Well, for one thing, people compare lawyers to sharks, right?

Nobody compares librarians to sharks, or anything very dangerous. Except maybe a few FBI agents who are very frustrated by the ALA's opposition to the USA PATRIOT ACT. People like librarians. We are fuzzy and cute. Well, maybe not fuzzy and cute, but harmless, anyway, not imposing. (of course, there is the point that nobody much likes lawyers, but at least they never think about practicing law without going to law school, doggone it!)
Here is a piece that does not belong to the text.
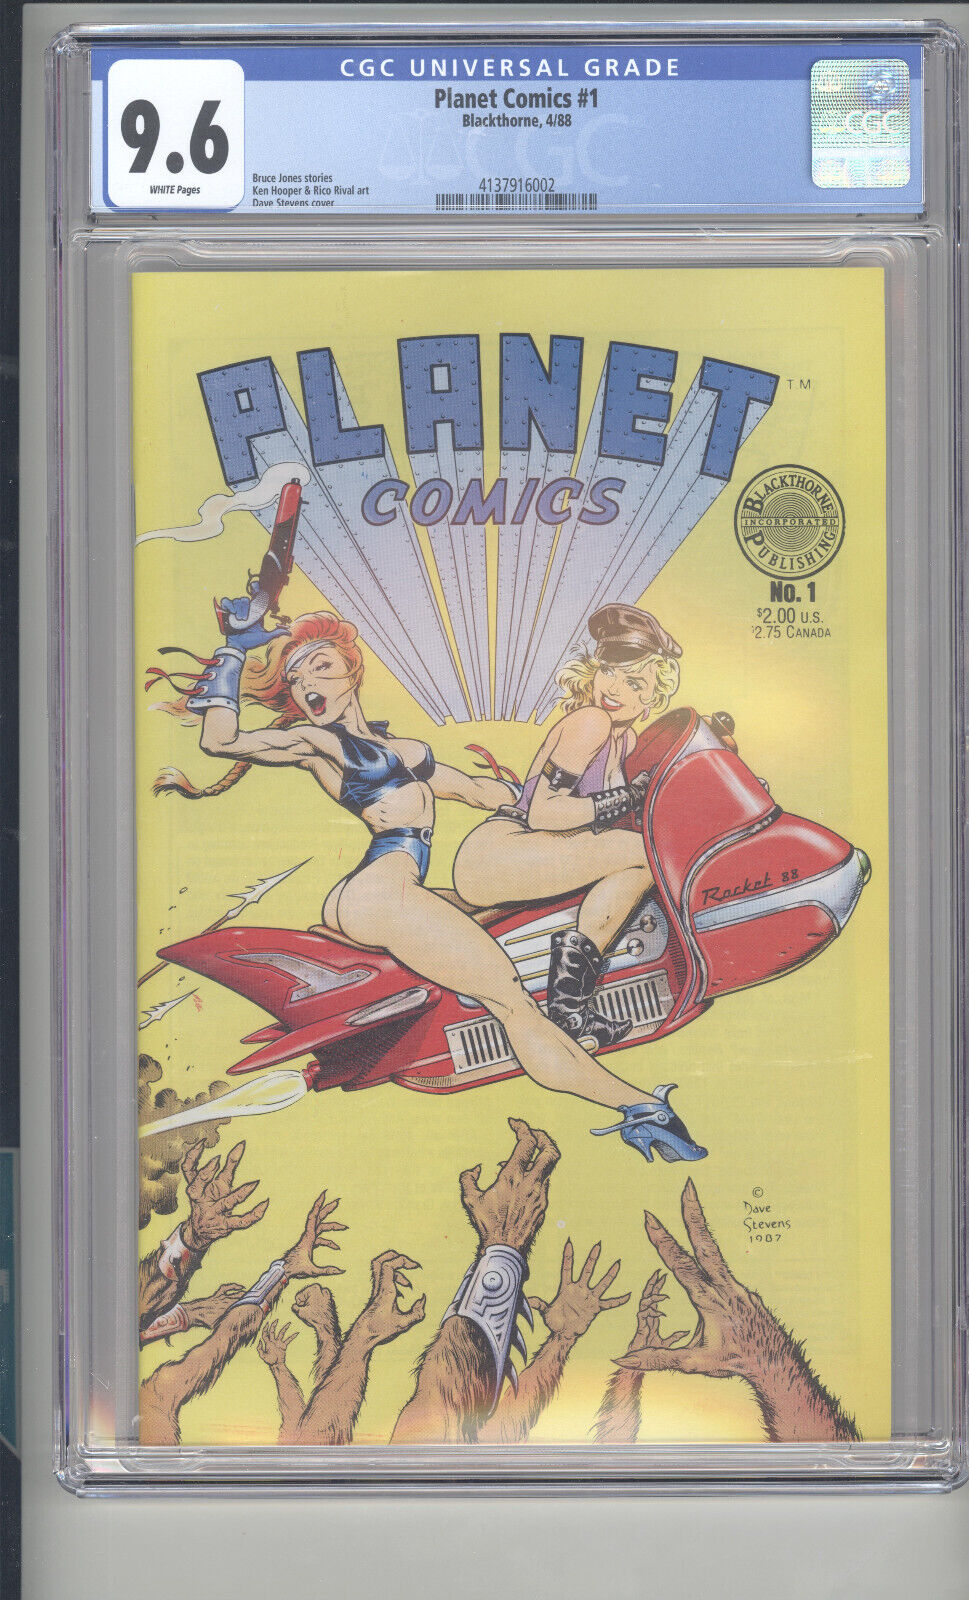 Planet Comics #1 CGC 9.6 - Dave Stevens Classic Cover

Maybe we need more librarian action figures. Librarian cartoons with butt-kicking heroes who fight for the right and make sure the book is on the shelf, too. I just loved Mary Whisner's title:


See Rex Libris, a comicbook series by James Turner for one, here. You will want to follow the adventures of Rex Libris, Librarian:

The astonishing story of the incomparable Rex Libris, Head Librarian at Middleton Public Library, and his unending struggle against the forces of ignorance and darkness. With the aid of an ancient god who lives beneath the library branch, Rex travels to the farthest reaches of the galaxy in search of overdue books. He must confront incredible foes, such as powerful alien warlords who refuse to pay their late fees. Wearing his super thick bottle glasses, and armed with an arsenal of high technology weapons, he strikes fear into recalcitrant borrowers, and can take on virtually any foe from zombies to renegade public-domain literary characters with aplomb.

But, I sense we need more pizazz... something like Lara Croft of Tomb Raiders, she says, shamelessly. Ideas, anybody? We need to save this excellent profession!